Please write out the listing exactly, leaving each picture out.

EXERCISE DATA:
--- --- ---

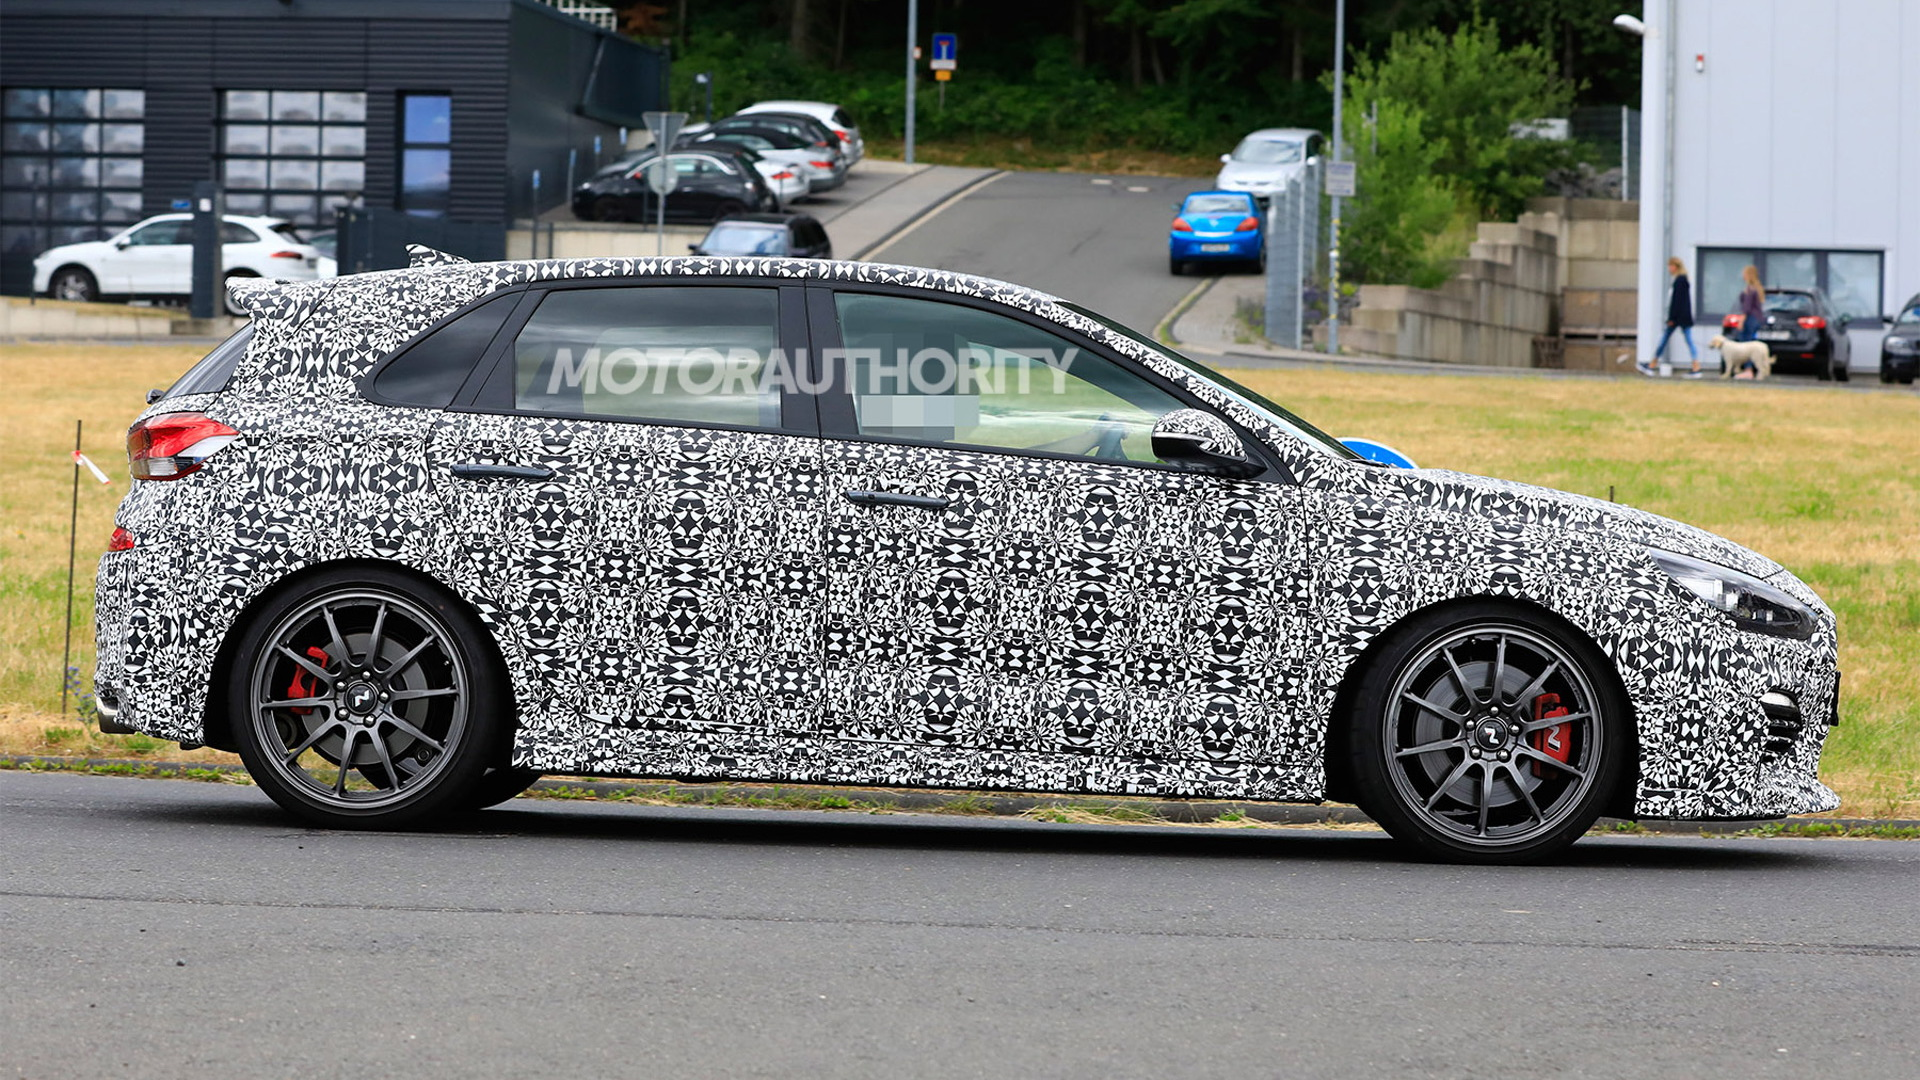 2020 Hyundai i30 N lightweight edition spy shots - Image via S. Baldauf/SB-Medien
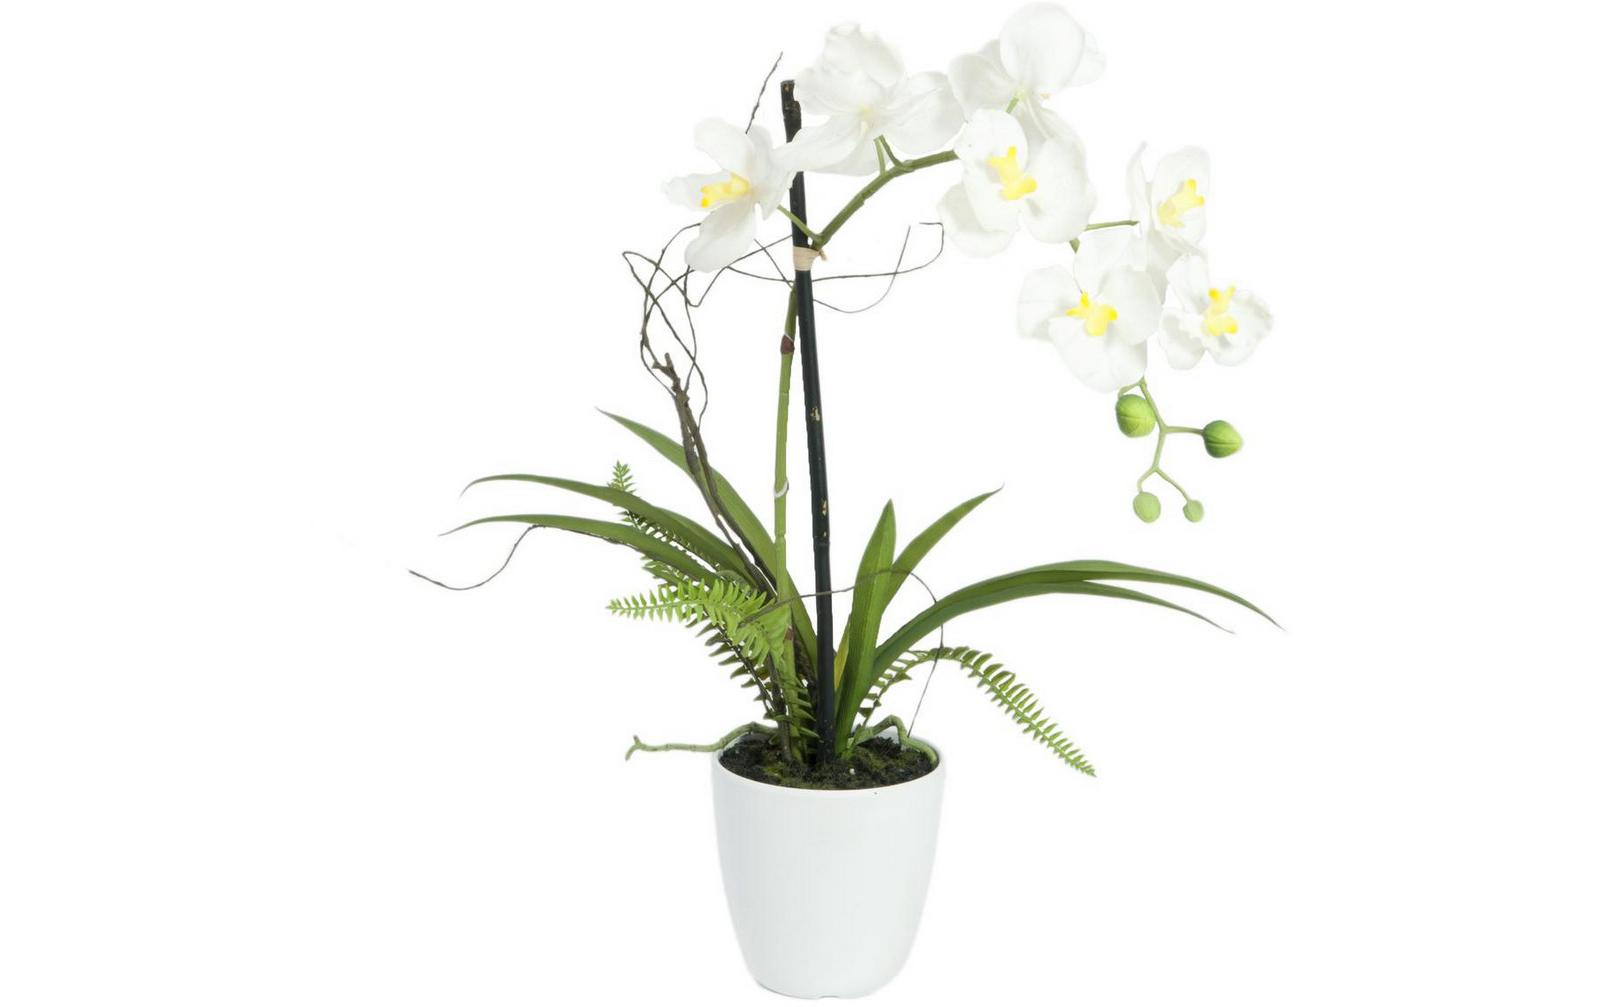 europalms-orchideen-arrangement-1-kunststoffpflanze
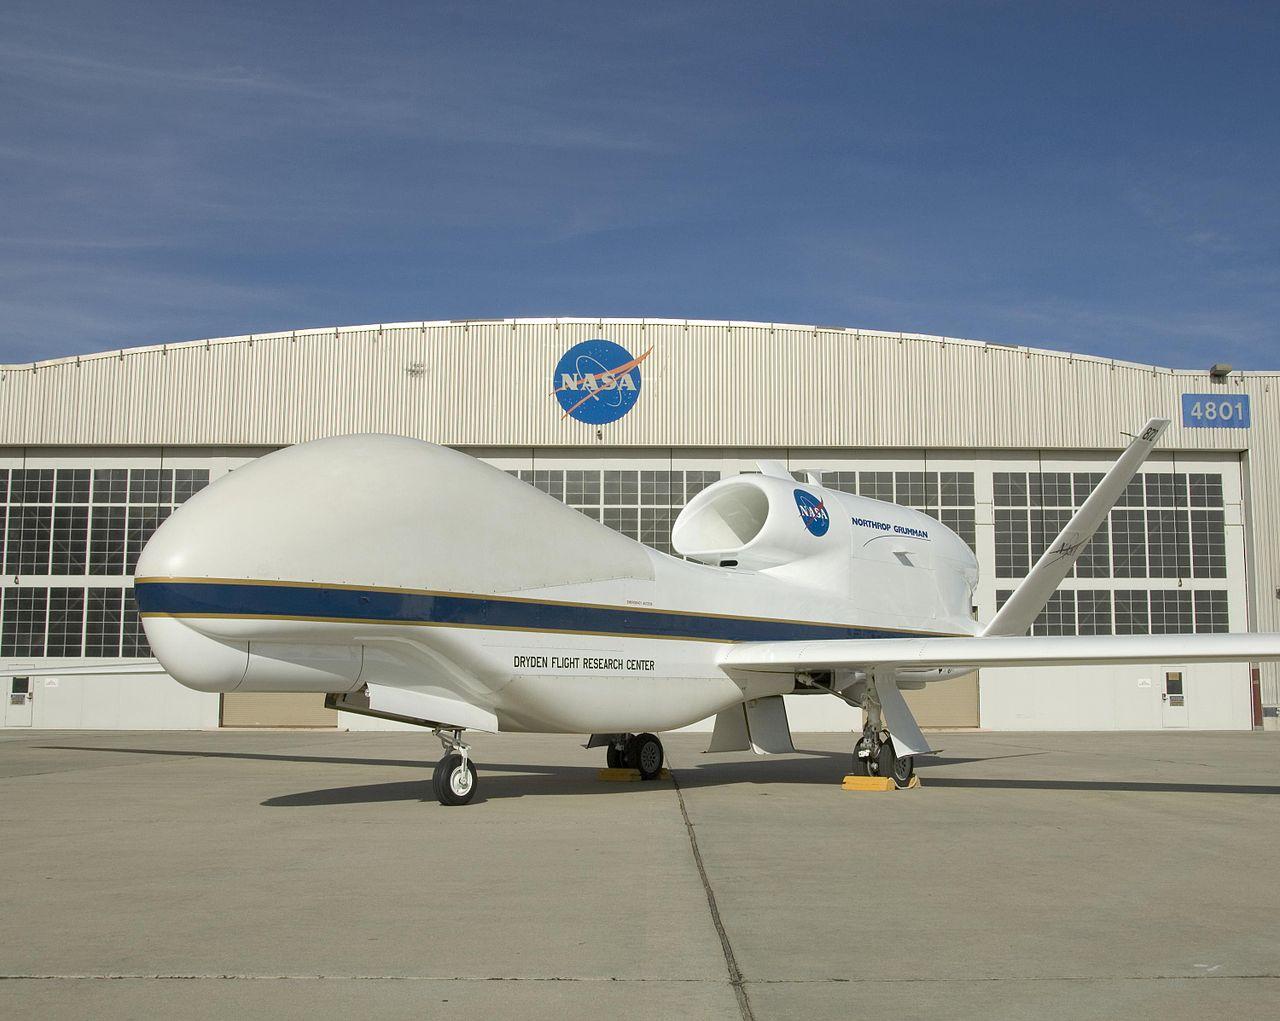 1280px-NASA_Dryden_Global_Hawk
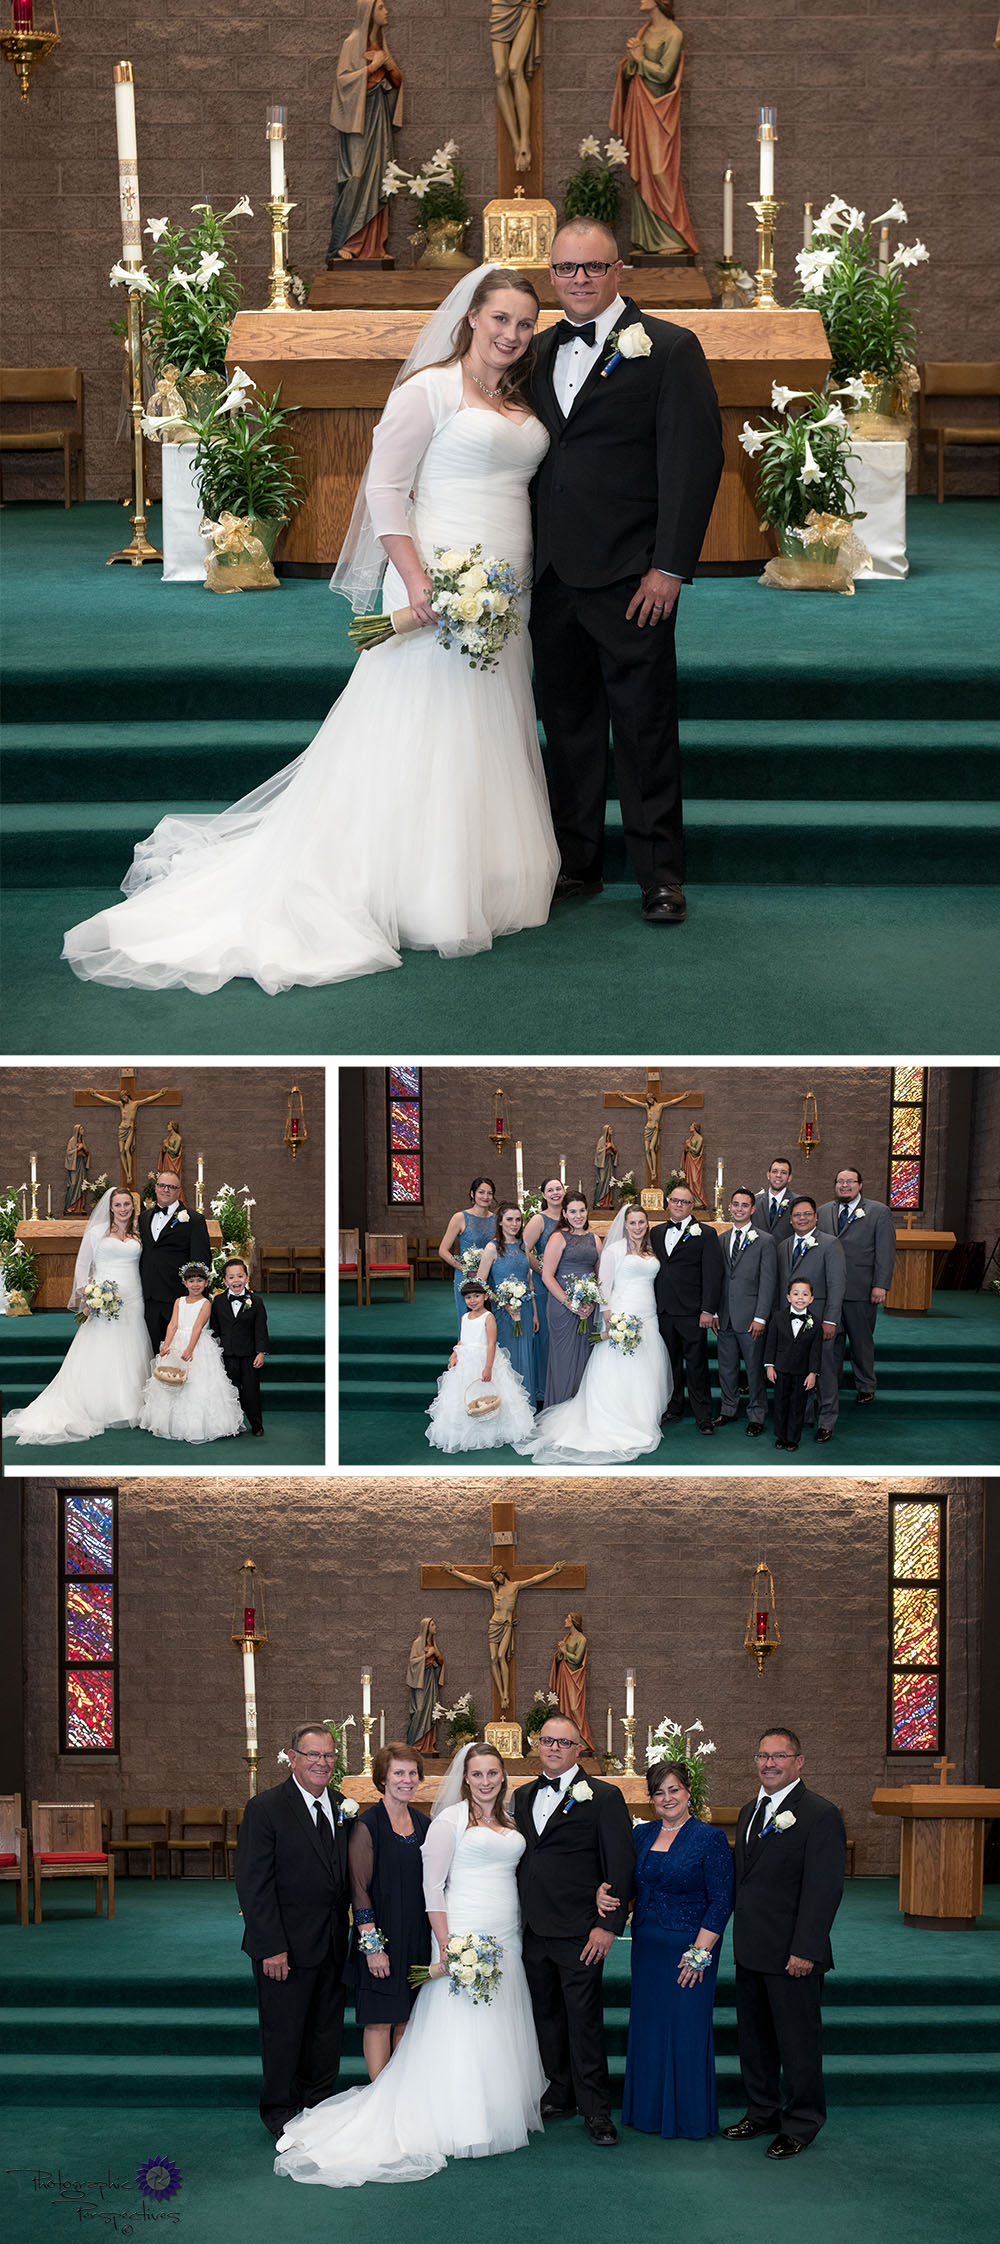 Noah's Event Venue Wedding | Amy + Pihilip

--- --- ---

REPLY TO THE EXERCISE:
 2020 Hyundai i30 N lightweight edition spy shots - Image via S. Baldauf/SB-Medien
 europalms-orchideen-arrangement-1-kunststoffpflanze
 1280px-NASA_Dryden_Global_Hawk
 Noah's Event Venue Wedding | Amy + Pihilip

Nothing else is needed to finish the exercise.